Also ich bin hier recht zufrieden mit dem "neuen" Amarok 2.2.0. Er gefällt mir zwar nicht so gut wie der alte, aber mittlerweile ist er wie ich finde schon recht stabil (ist mir schon länger nicht mehr abgestürzt) und die von mir geliebten Features werden auch unterstützt (playlist verwalten, dyn. warteschlange..). Das man die Bewertung nicht importieren kann ist schrecklich und das neue Layout naja.

Ich bin mir sicher das er einfach noch ein bisschen Zeit braucht und schon bald (vielleicht 6 Monate *g*) deinen Ansprüchen genügen wird. ;)

Selber hab ich das (alternative Programm) banshee noch nie verwendet. Es aber mal installiert weil es angeblich eine "gute" ipod-Unterstützung bietet um Daten auf den Player zu kopieren.

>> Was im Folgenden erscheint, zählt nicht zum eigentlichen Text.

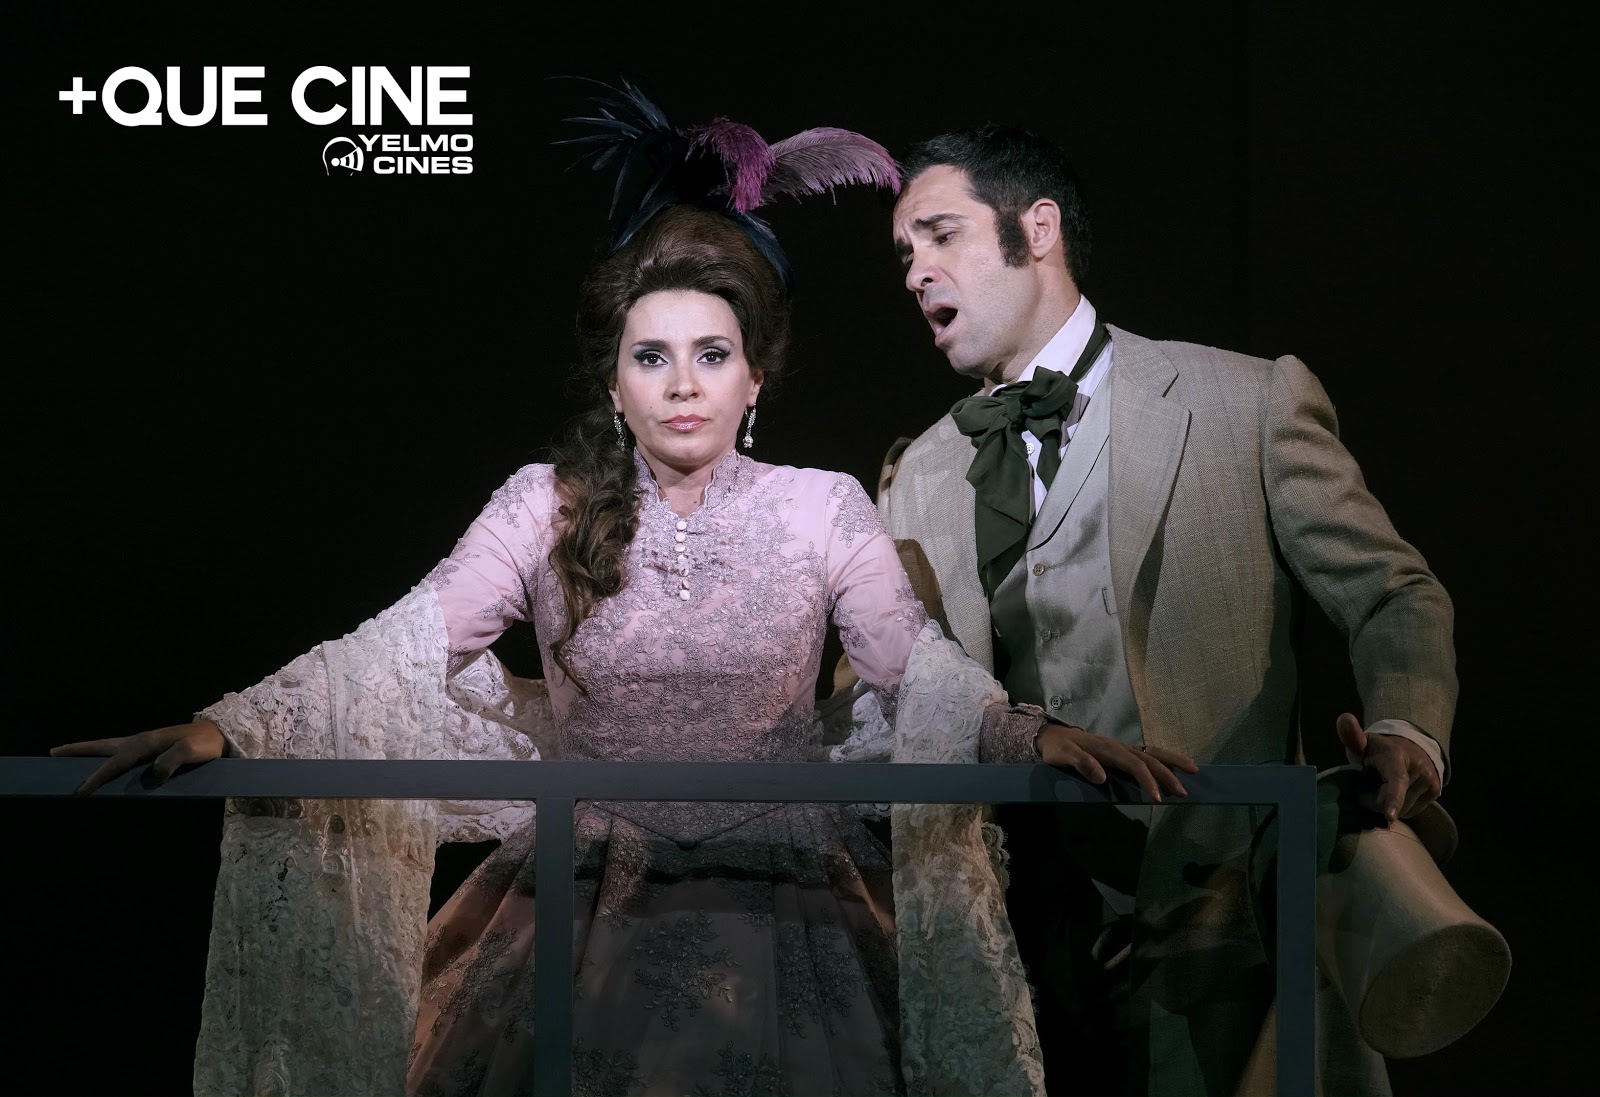 Yelmo Cines proyecta las óperas Doña Francisquita y Aida del Gran Teatre del Liceu a través de +Que Cine, su ventana de contenidos alternativos

Mir sind Playlisten nicht so wichtig, weil ich auch eher immer nur 10-20 Lieder auf meinen Player übertrage und das geht via Kommandozeilen-Befehlen immer sehr einfach, schnell und unproblematisch. Bastel dir doch ein Script, welches deine Playlisten von Amarok importiert und umwandelt und mit dem Player synchronisiert.

Bug-Tipp: Die Sammlung reagiert verzögert auf Aktualisierungen, Bilder die man für die Alben hinzufügt sind oft erst nach einem neustart von amarok (strg + Q und neustarten) verfügbar.

P.S.: Gibt Amarok2 eine Chance!

PP.S: Wenn mir jemand sagen kann wie man den Linken Ressourcen-Frame (Device/Playlisten/Online Ressources) ausblenden kann...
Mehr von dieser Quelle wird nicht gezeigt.